Minister for Justice and Home Affairs
- In office 3 March 2020 – October 2021
- Chief Minister: Howard Quayle
- Preceded by: David Ashford
- Succeeded by: Jane Poole-Wilson

Minister for Education, Sport and Culture
- In office 4 October 2016 – 3 March 2020
- Succeeded by: Alex Allinson

Minister for Community, Culture and Leisure
- In office 12 July 2012 – 3 April 2014
- Preceded by: Tim Crookall
- Succeeded by: Chris Robertshaw

Member of the House of Keys for Arbory, Castletown and Malew
- In office 22 September 2016 – 12 August 2021

Member of the House of Keys for Malew and Santon
- In office 29 September 2011 – 21 September 2016
- Succeeded by: Constituency Abolished

Personal details
- Born: Graham Derek Cregeen
- Party: Independent

= Graham Cregeen =

Manx politician

Graham Derek Cregeen is a retired Manx politician who served as Member of the House of Keys for Arbory, Castletown & Malew in the Isle of Man until 2021. He was Minister for Justice and Home Affairs from 2020 to 2021.

==Early life==
Cregeen grew up in Port St Mary.

==Political career==
In 2006 he was elected MHK for the former Malew and Santon constituency, and was re-elected for that constituency in 2011.
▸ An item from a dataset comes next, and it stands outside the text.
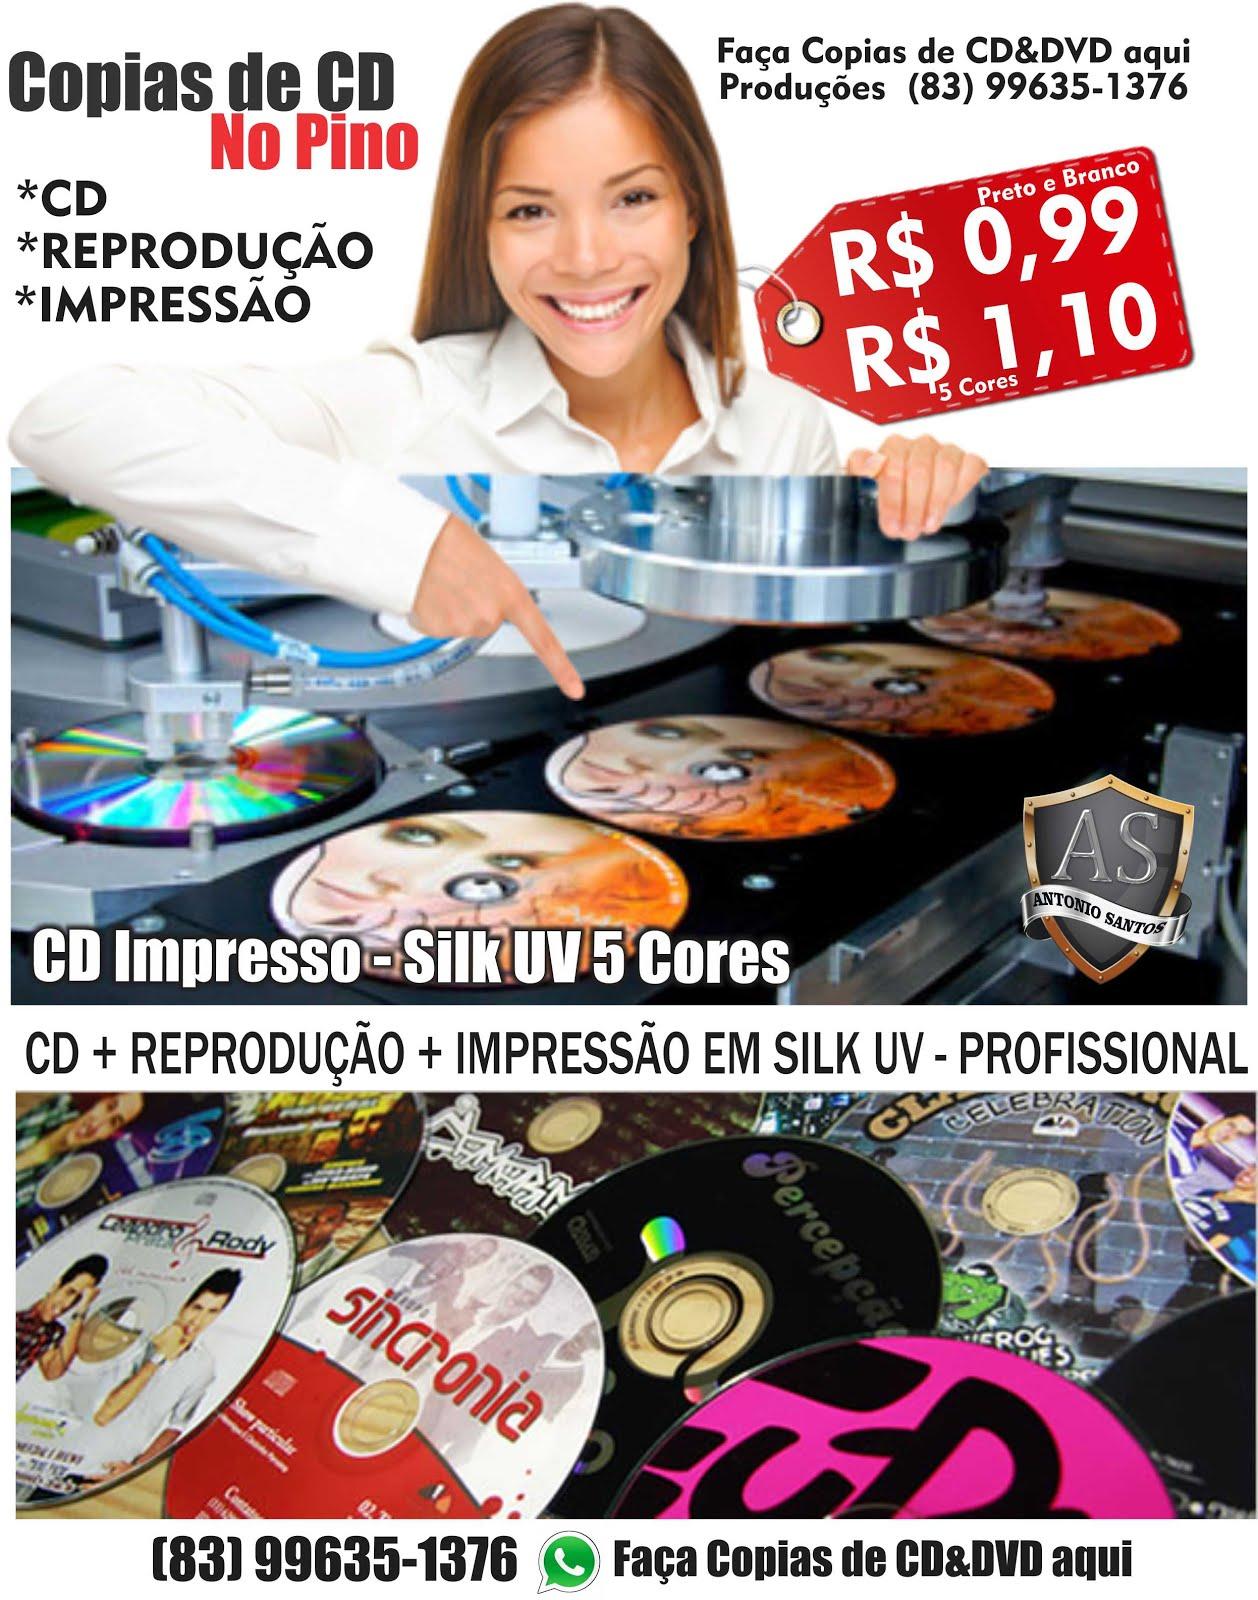 CD NO PINO

From 2006 to 2016 he was a political member of a variety of government departments in turn, and for a few weeks in 2012 he was Minister for Community, Culture and Leisure (a position that was abolished in 2014).

In 2016 he was elected MHK for the new Arbory, Castletown & Malew constituency, and appointed Minister for Education and Children. In 2017 the department was renamed as the Department of Education, Sport and Culture.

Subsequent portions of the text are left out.